A food safety factory shutdown has Americans hunting for baby formula. Readying themselves for a covid-19 lockdown, Chinese in Beijing emptied store shelves. Emerging from lockdown, some in Shanghai are visiting well-provisioned markets. U.S.-China agricultural trade is booming, but many are still being left hungry. Food security, sustainability and safety remain issues.
U.S. Industry Groups, Letter to Biden administration on next steps in US-China affairs, August 5, 2021
August 5, 2021
Secretary of the Treasury
1500 Pennsylvania Avenue, NW
Washington, DC 20508
On behalf of the undersigned organizations, we write to express our support for continued engagement with China on trade and economic issues, including full implementation of the U.S.-China Phase One Trade Agreement (“Phase One”), and swift action to address the costly and burdensome tariffs and retaliatory tariffs. We support the Biden Administration holding China accountable to its Phase One commitments, and we strongly urge the Administration to work with the Chinese government to increase purchases of U.S. goods through the remainder of 2021 and implement all structural commitments of the Agreement before its two-year anniversary on February 15, 2022.
The Chinese government has met important benchmarks and commitments made in the agreement that benefit American businesses, farmers, ranchers, and workers. For example, the commitment by China to open up its markets to U.S. financial institutions – and other U.S. financial service providers – reflects a hard-won U.S. achievement, and years of work by administrations of both parties. The chapter 3 commitments have been good for American agriculture, addressing most long-standing market access barriers. China has removed market access barriers for some U.S. fruits and grains and for nearly all U.S. beef products, as well as expanded its list of U.S. facilities eligible to export beef, pork, poultry, seafood, dairy, feed additives, and infant formula to China, among other actions. However, there is more work to be done by both governments to ensure that China meets its existing purchase commitments, including purchases of American ethanol. The commitments also did not include some of the most competitive U.S. goods exports to China, such as US lumber and chemical industry exports. Additional work is also needed to ensure that China fully implements outstanding structural commitments, particularly in the areas of biotechnology, patent linkage, services (including financial services), and protection of intellectual property rights.

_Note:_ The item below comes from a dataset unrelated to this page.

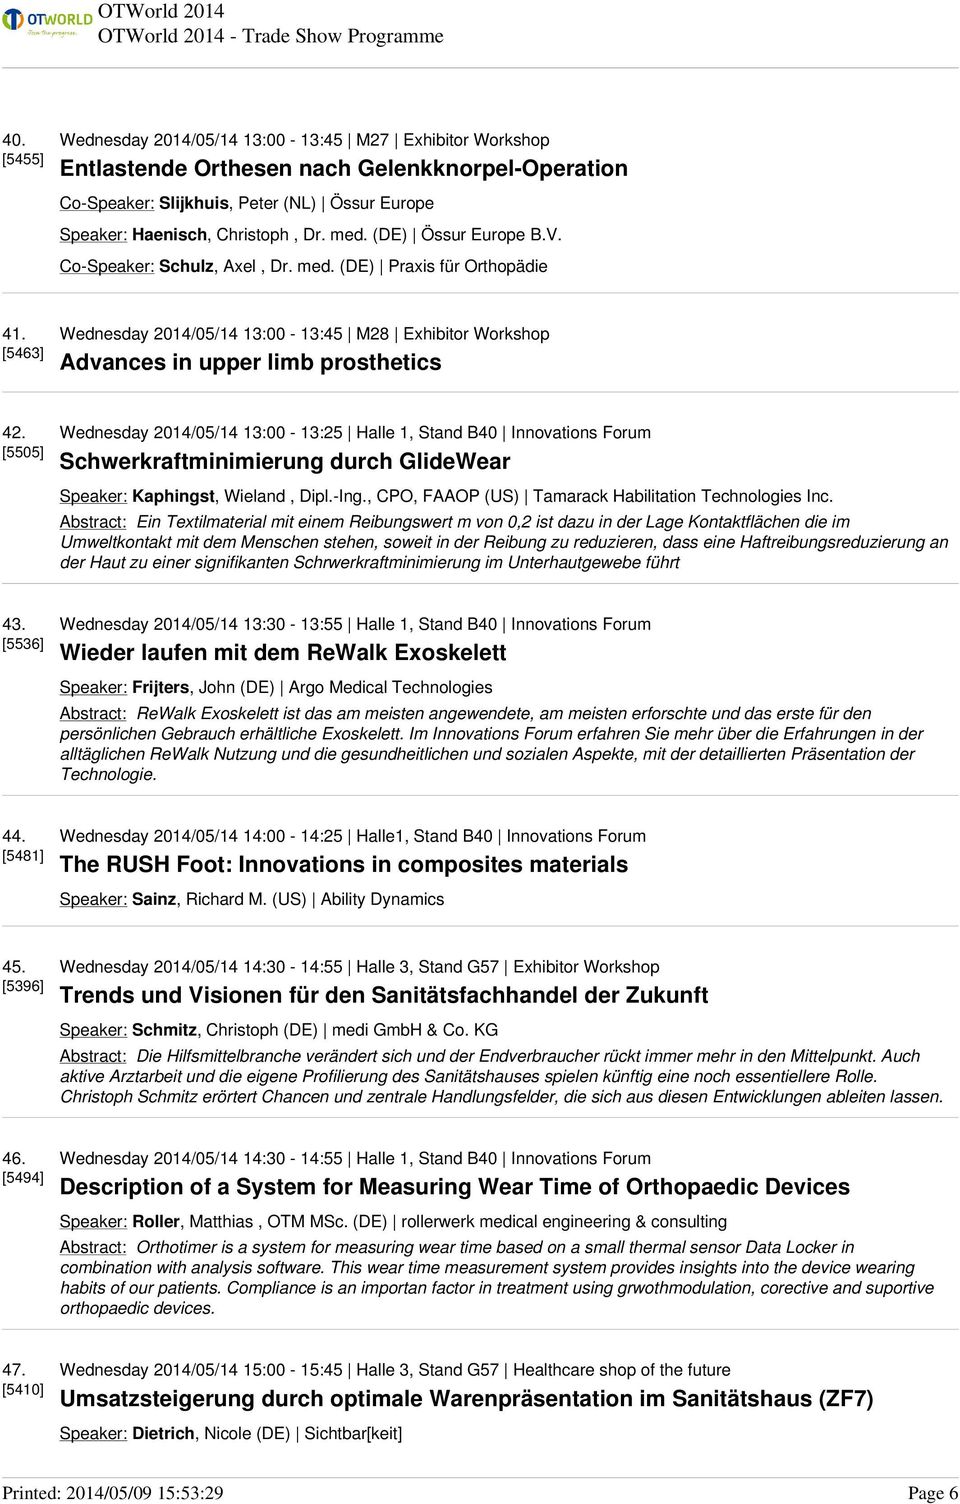 [5505] Wednesday 2014/05/14 13:00-13:25 Halle 1, Stand B40 Innovations Forum Schwerkraftminimierung durch GlideWear Speaker: Kaphingst, Wieland, Dipl.-Ing.
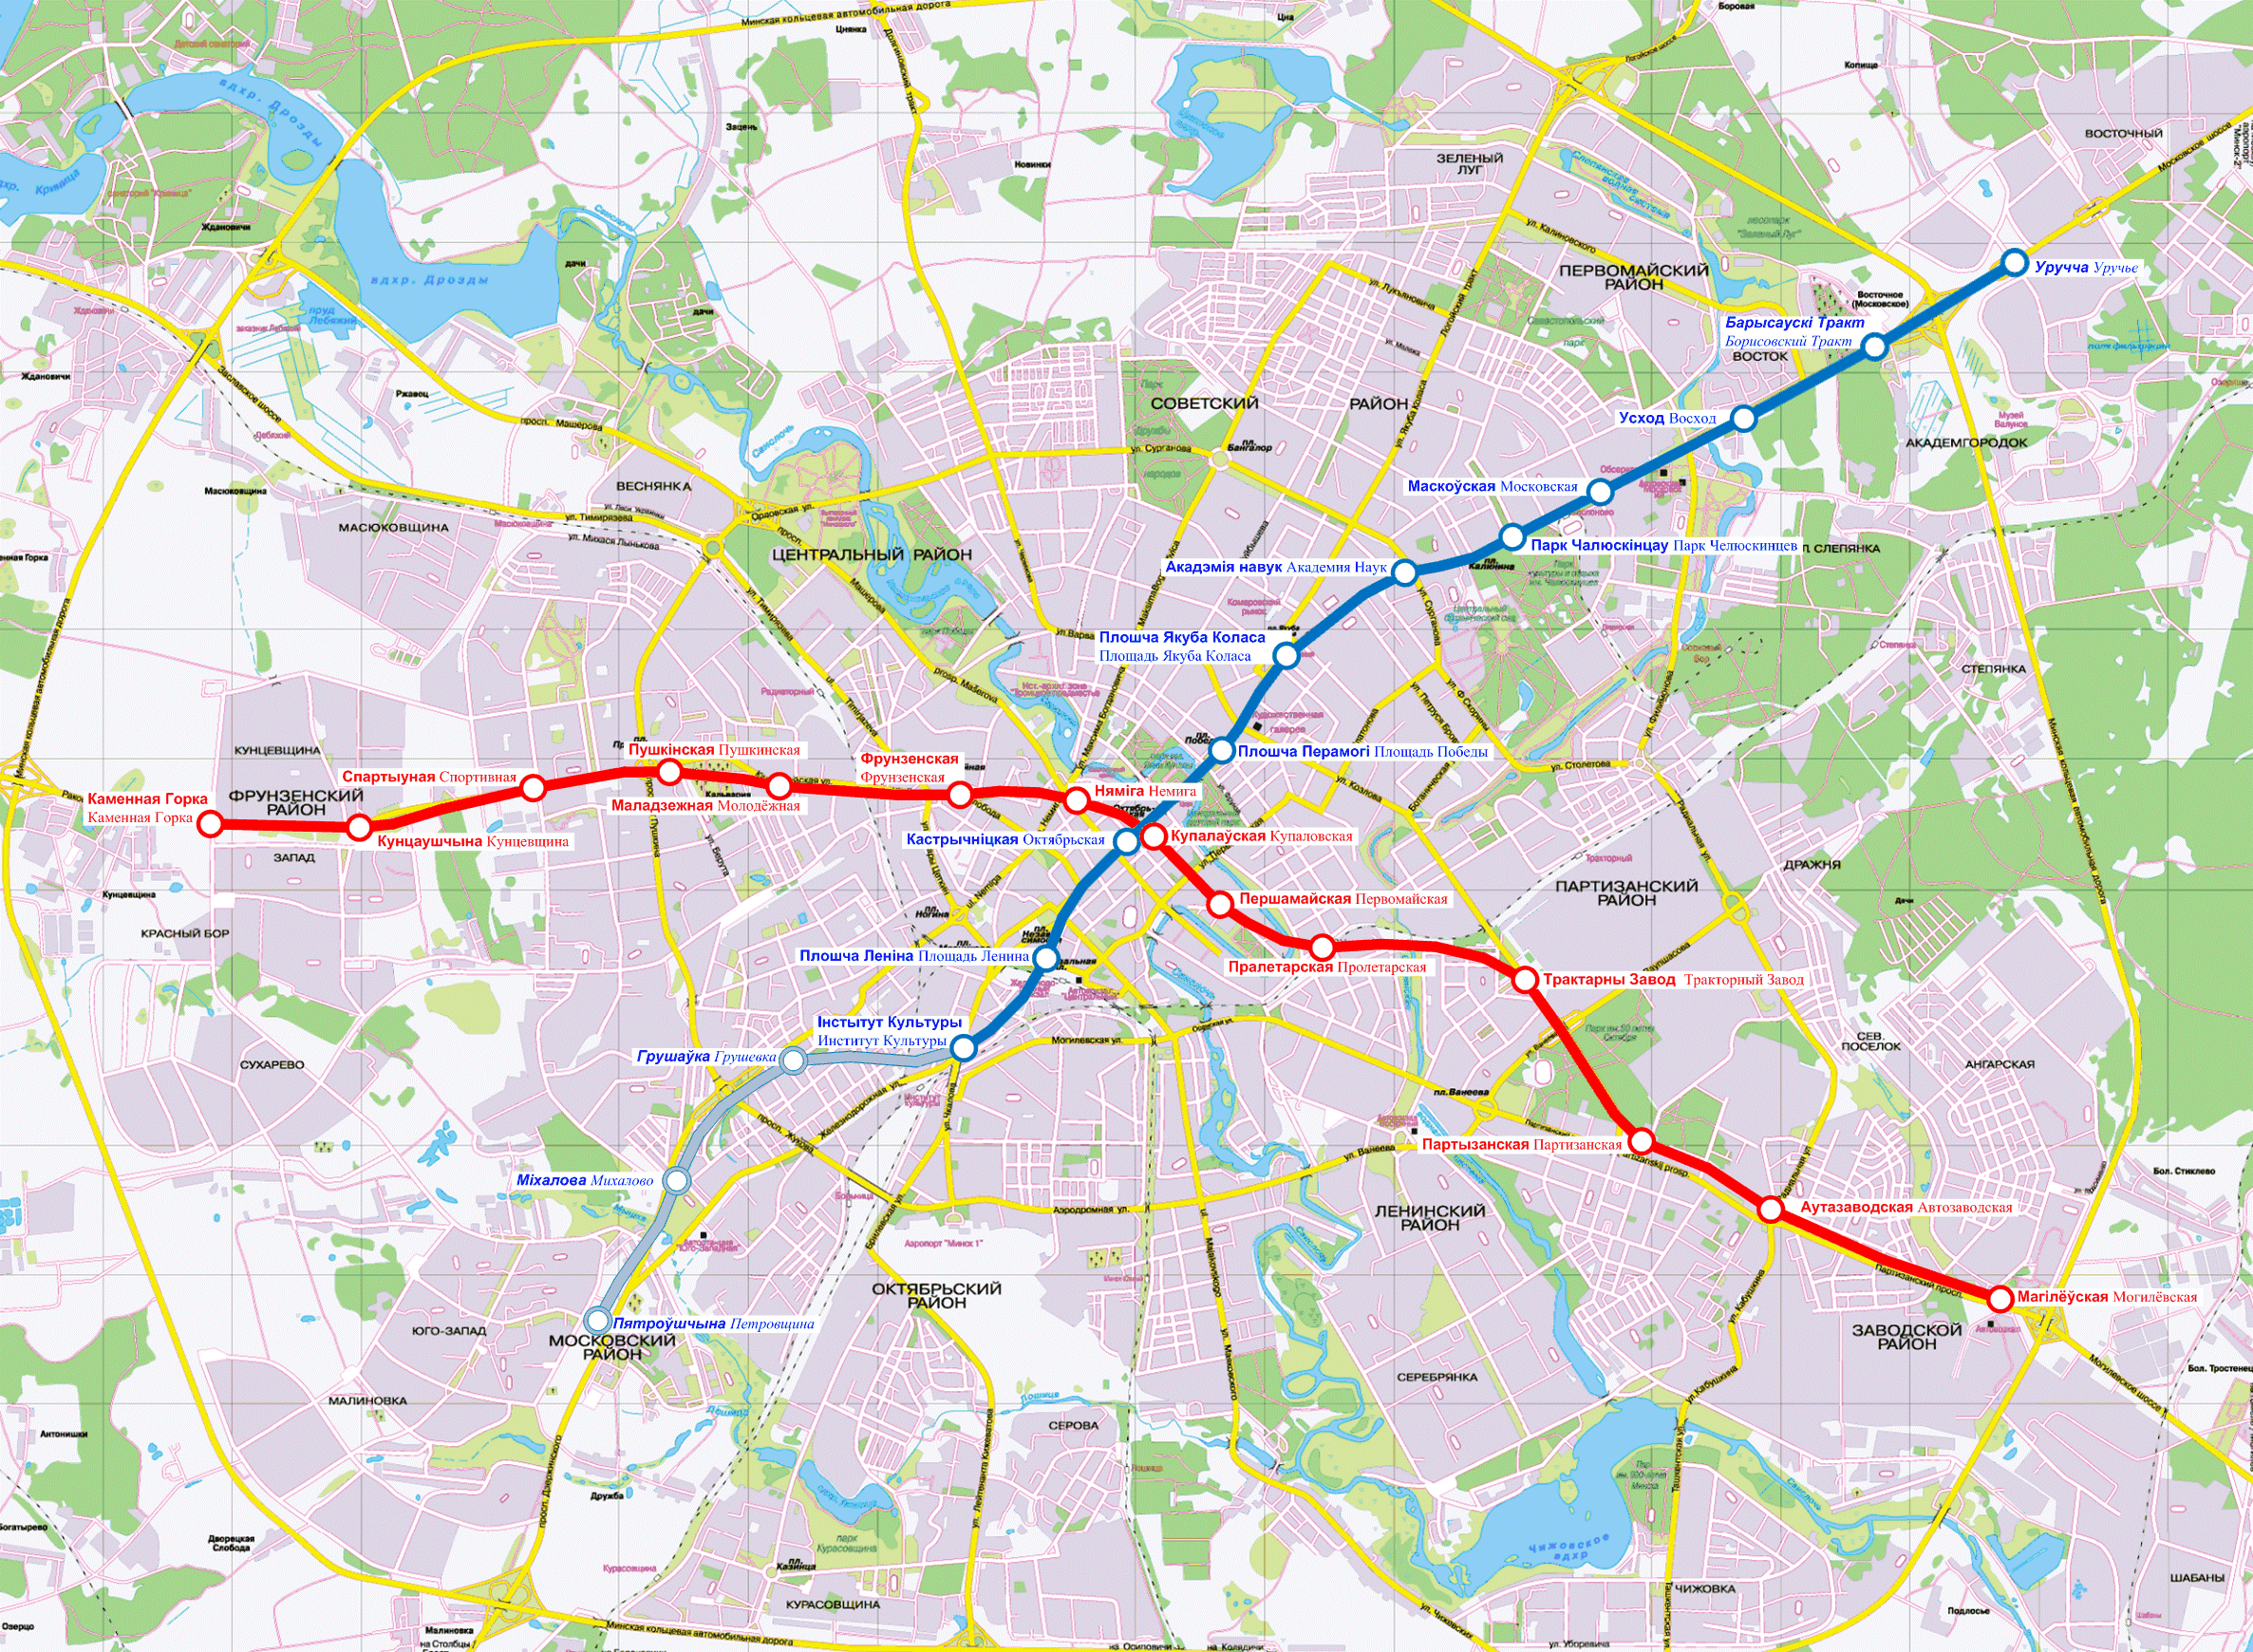 Metro map of Minsk

The Phase One agreement did not address some of the significant challenges identified in USTR’s Section 301 investigation of China, nor many of the core structural economic concerns in the relationship. Longstanding issues remain unaddressed, including state subsidies; procurement by government and state-owned enterprises; cybersecurity, digital trade, and data governance; services issues; competition policy; regulatory data protection for new drugs, biological products, and other items; Chinese domestic standards-setting; outstanding agriculture policy issues; and continued market access barriers for U.S.-manufactured goods. Many of these topics were reserved for future talks, assuming successful implementation of Phase One. By fully implementing the structural commitments in Phase One and returning to the negotiating table, we are hopeful that progress can be made on these many outstanding concerns.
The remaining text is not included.